» Task objective: Give the listing again exactly, omitting its images.

» Raw data:
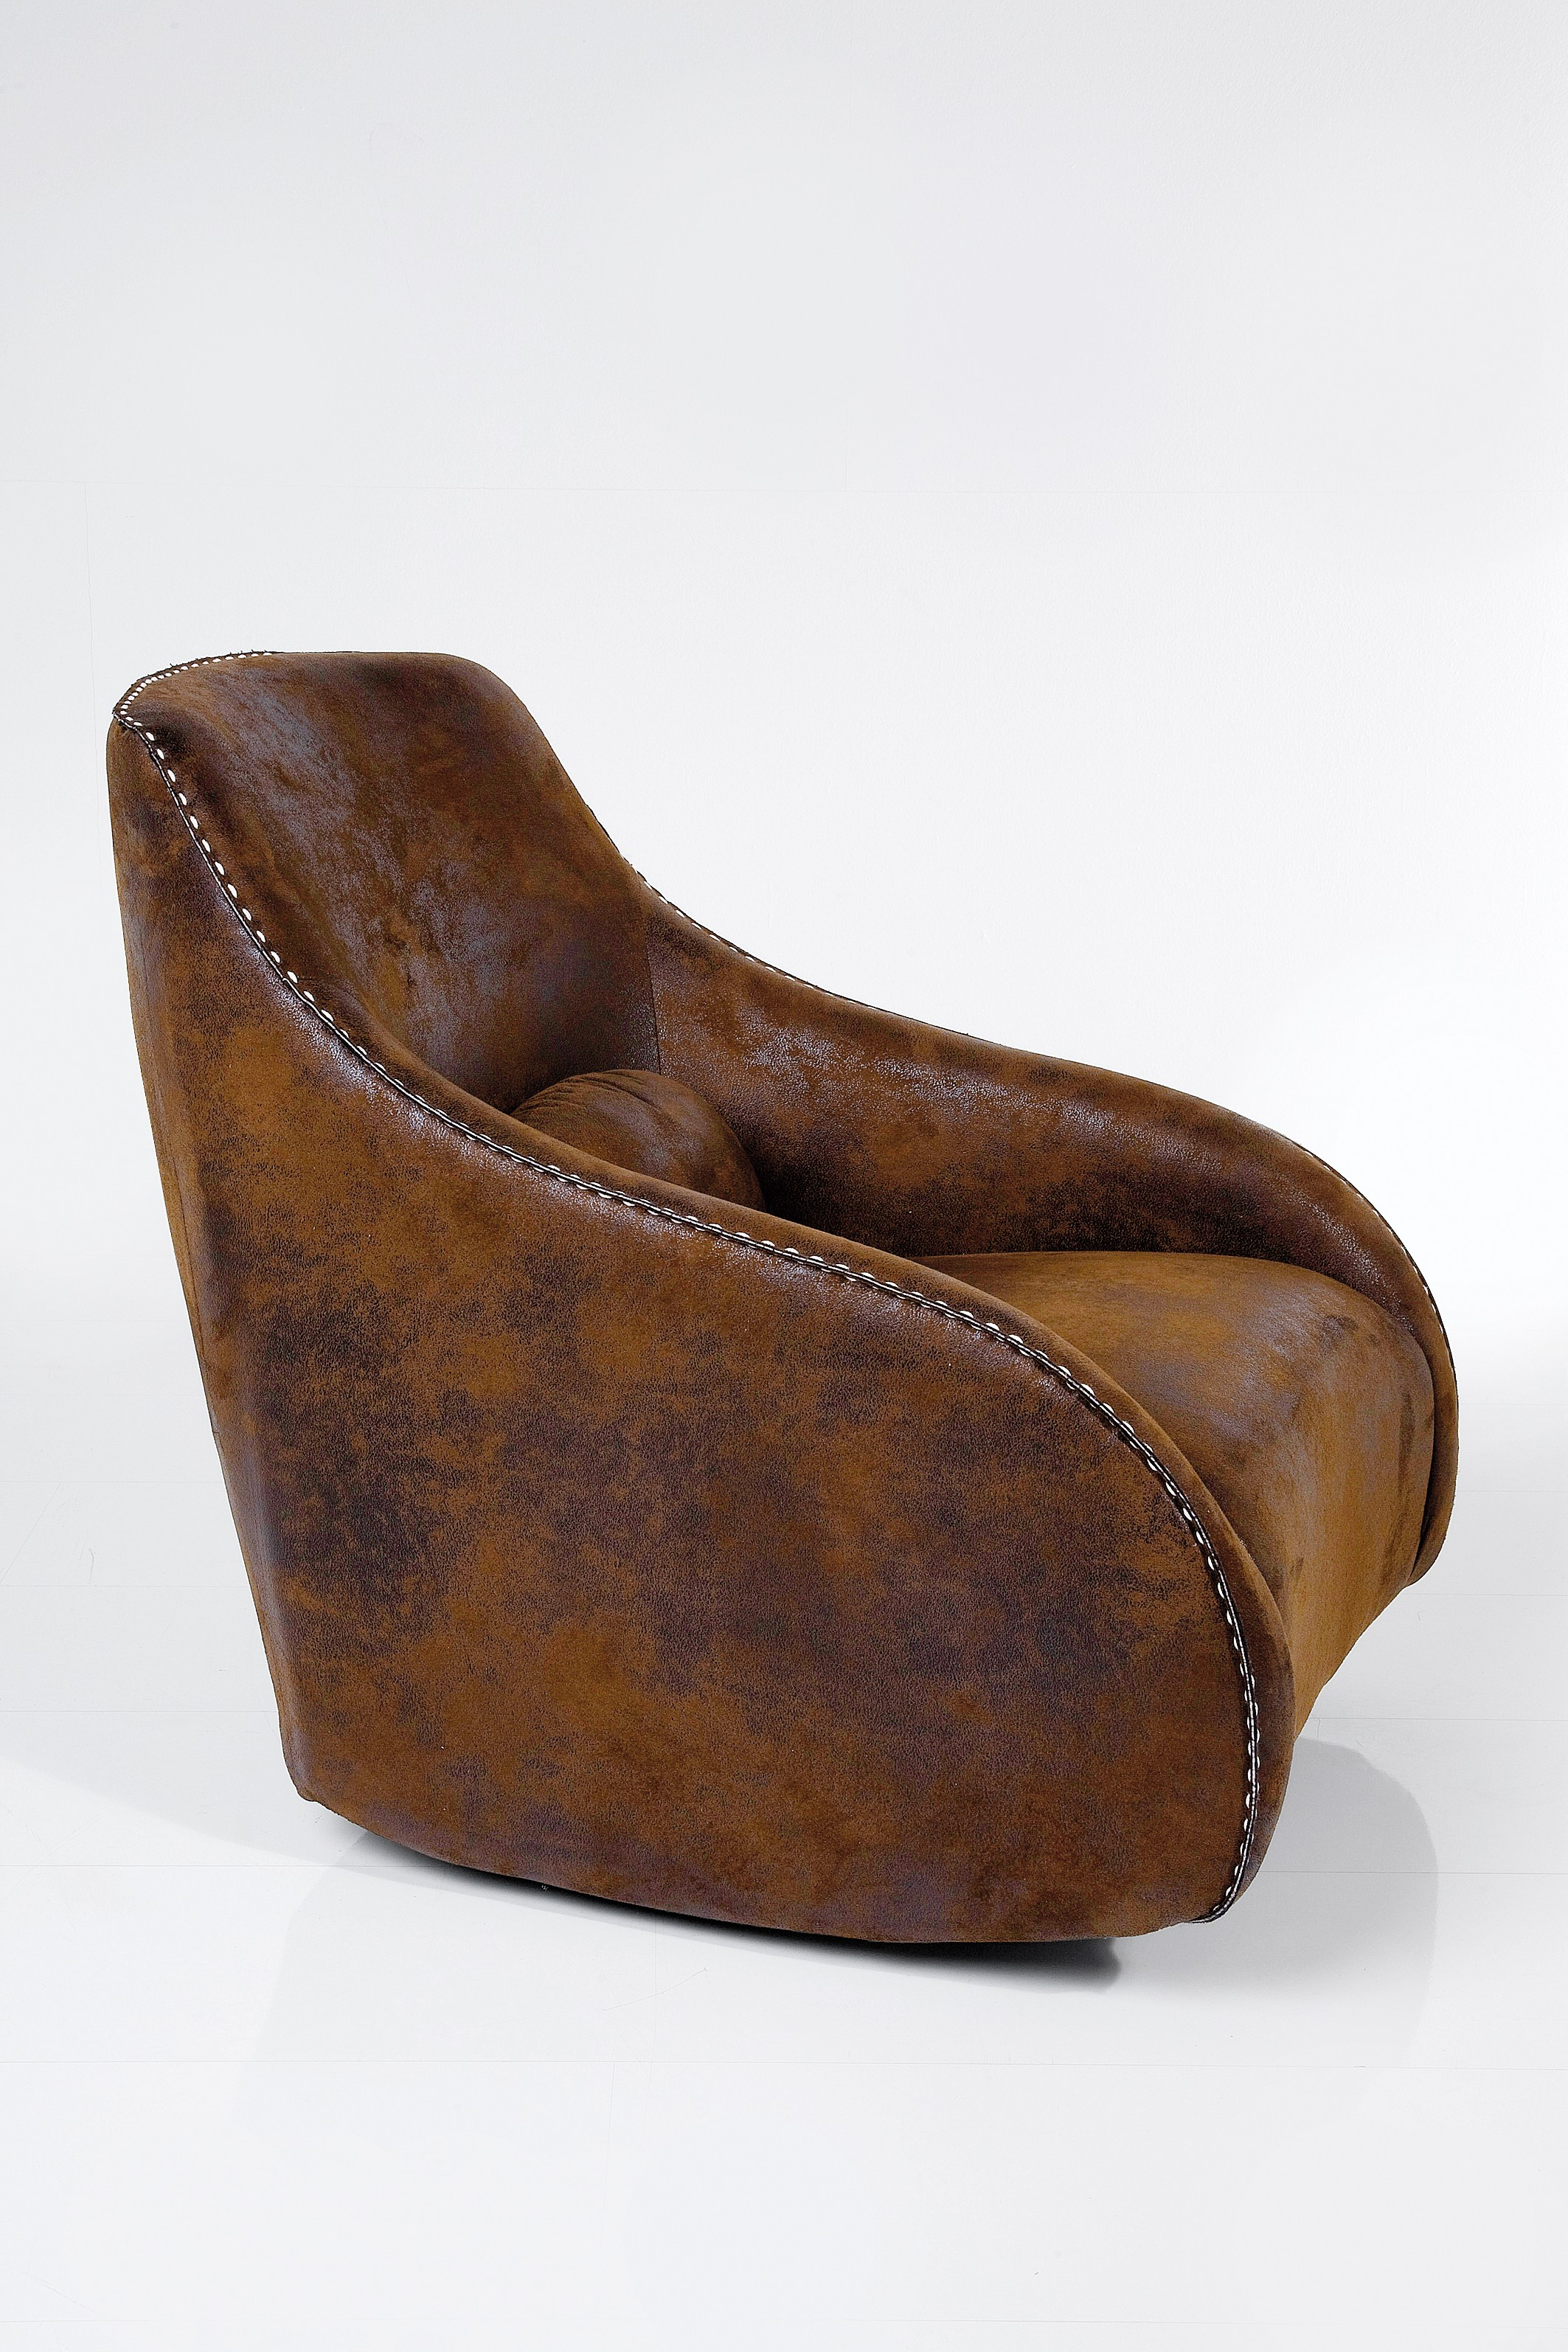 Salotto Pelle Vintage: Divano vintage in pelle marrone abbott il ...
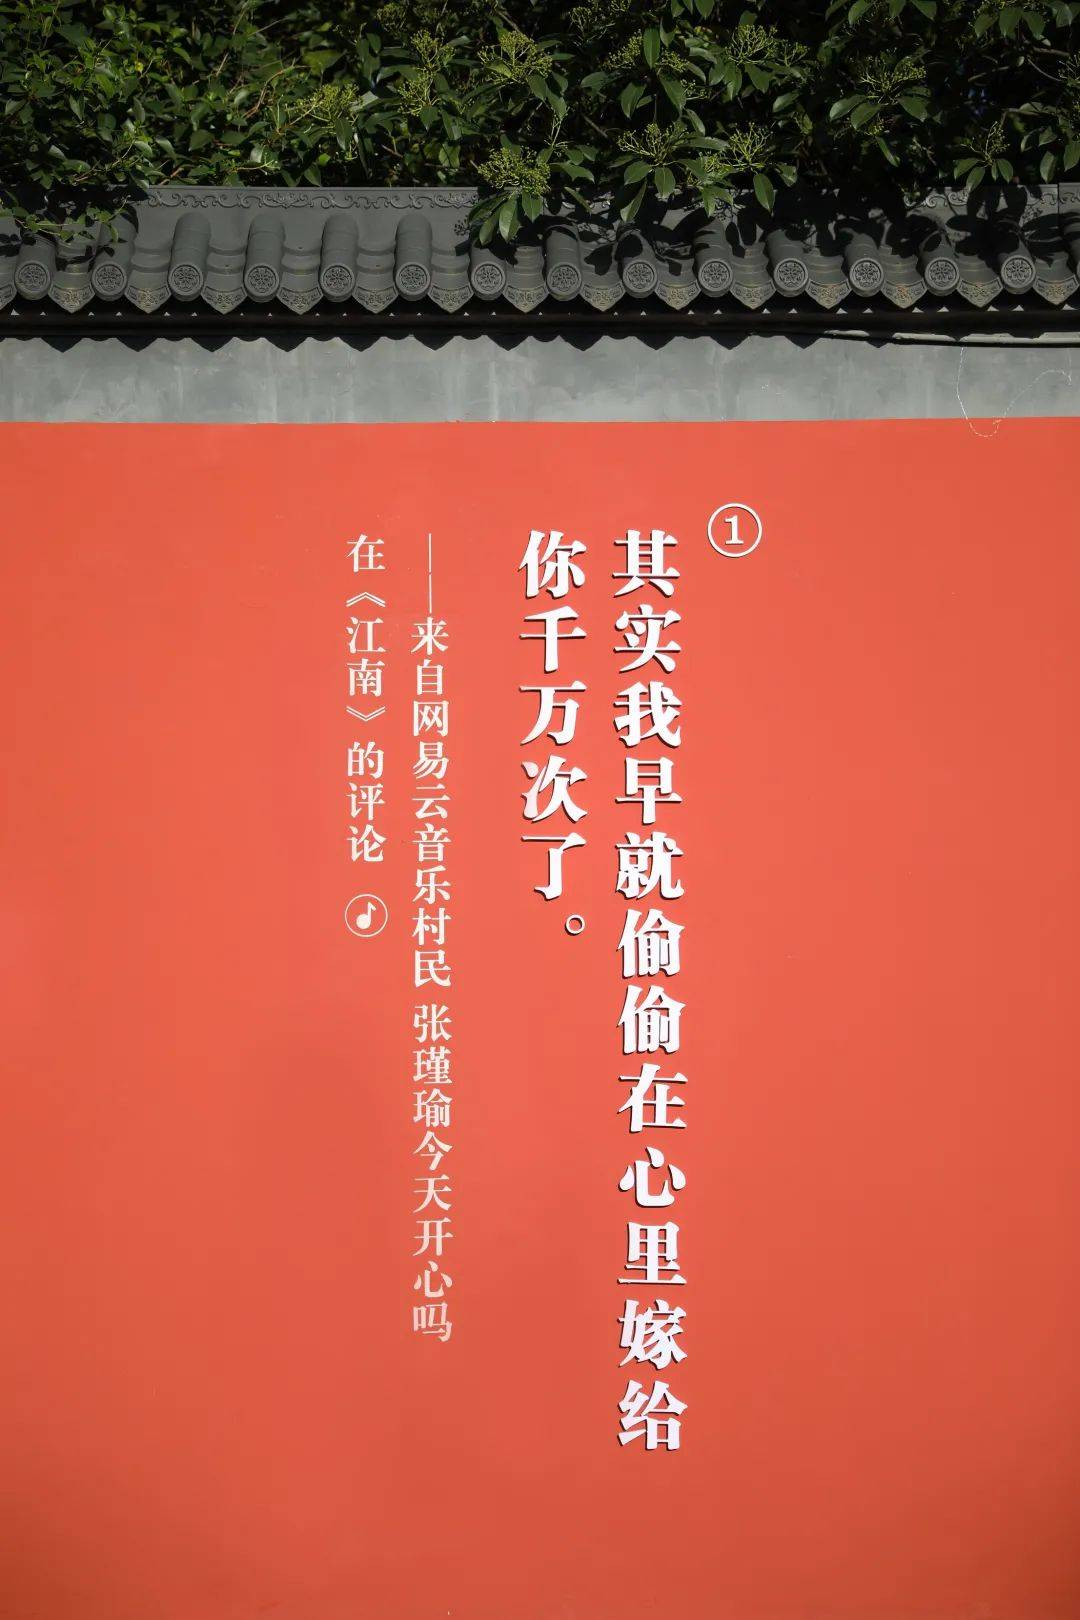 16822083896141aaa015f3b7.82797676 - 网易云音乐,一本情感营销的教科书
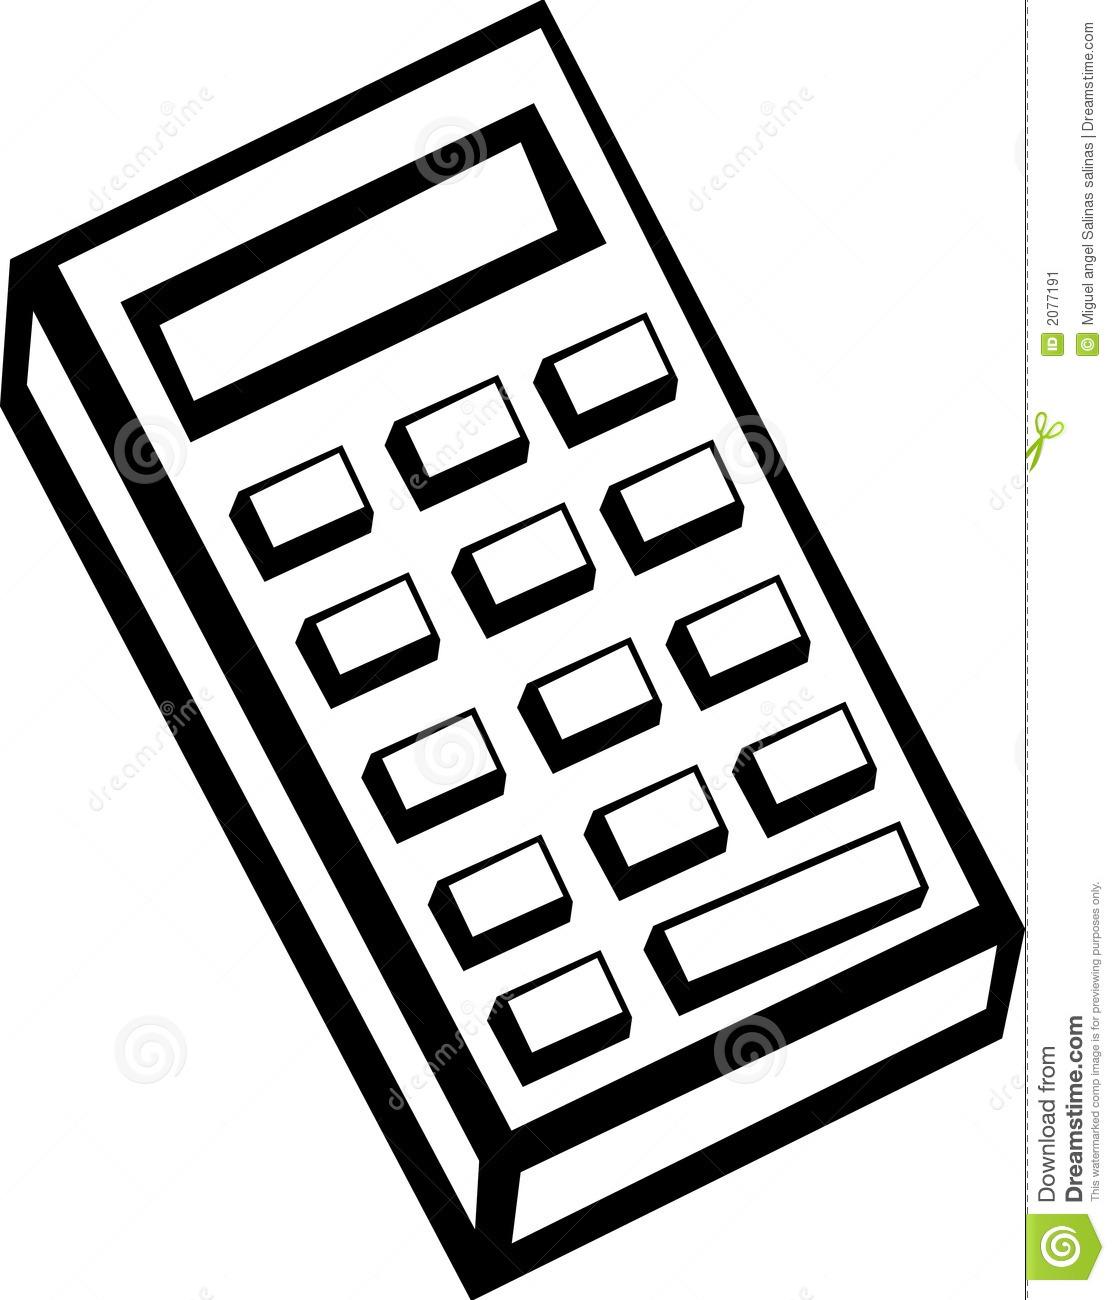 1115x1300 Calculator Clipart 23130 Clip Art Graphic Of A Calculator Cartoon
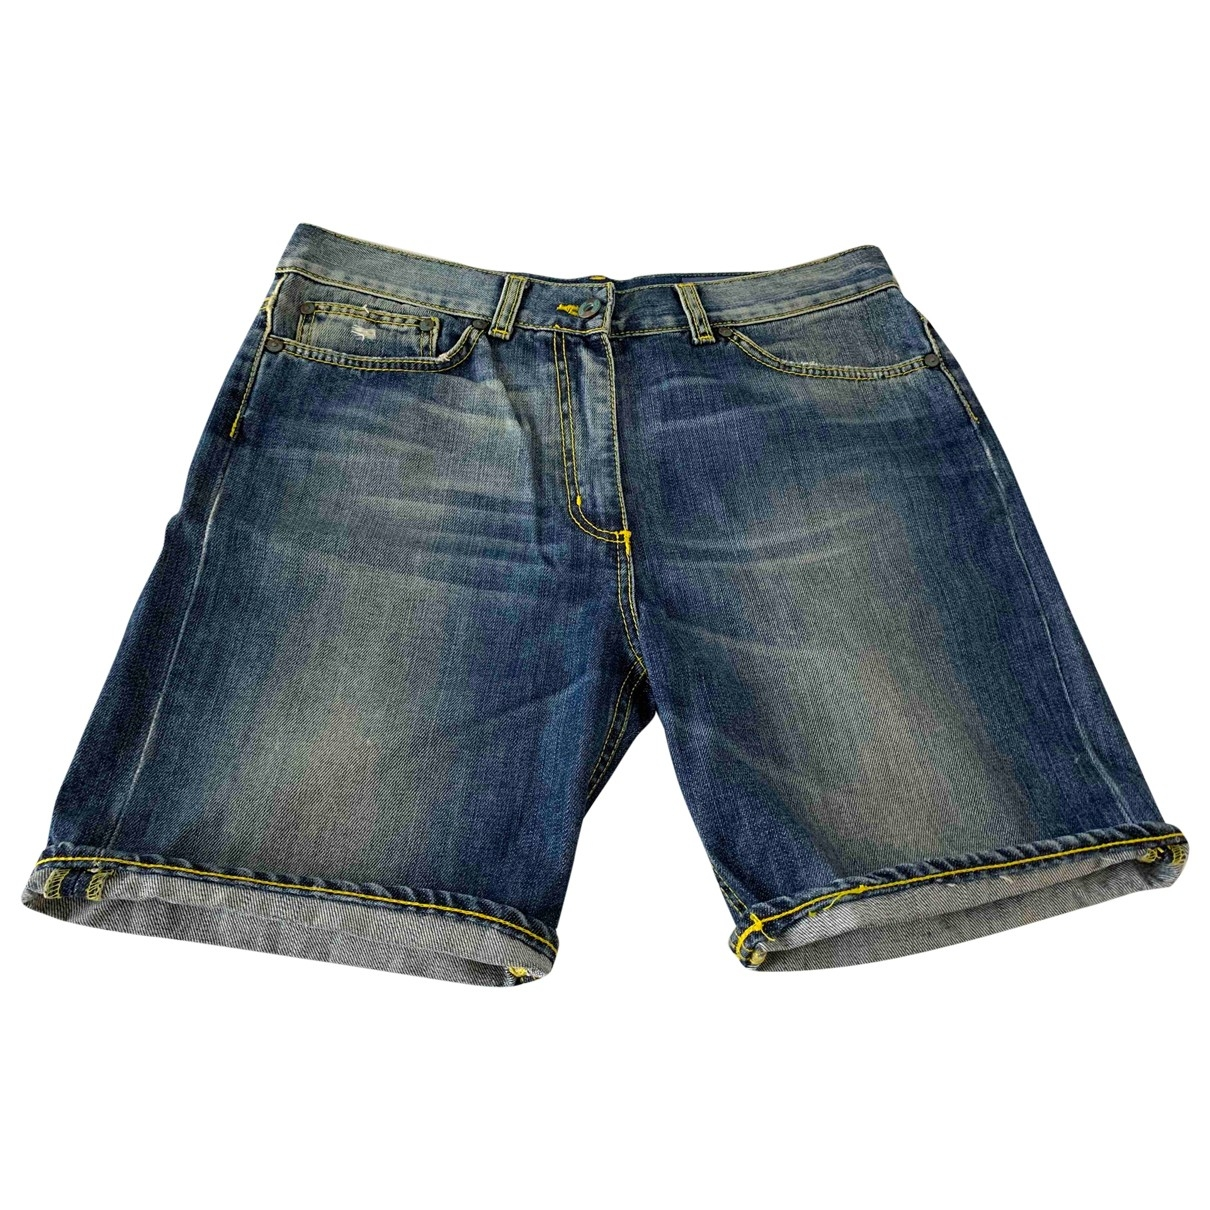 Dondup \N Shorts in Denim - Jeans

» Task output:
 Salotto Pelle Vintage: Divano vintage in pelle marrone abbott il ...
 16822083896141aaa015f3b7.82797676 - 网易云音乐,一本情感营销的教科书
 1115x1300 Calculator Clipart 23130 Clip Art Graphic Of A Calculator Cartoon
 Dondup \N Shorts in Denim - Jeans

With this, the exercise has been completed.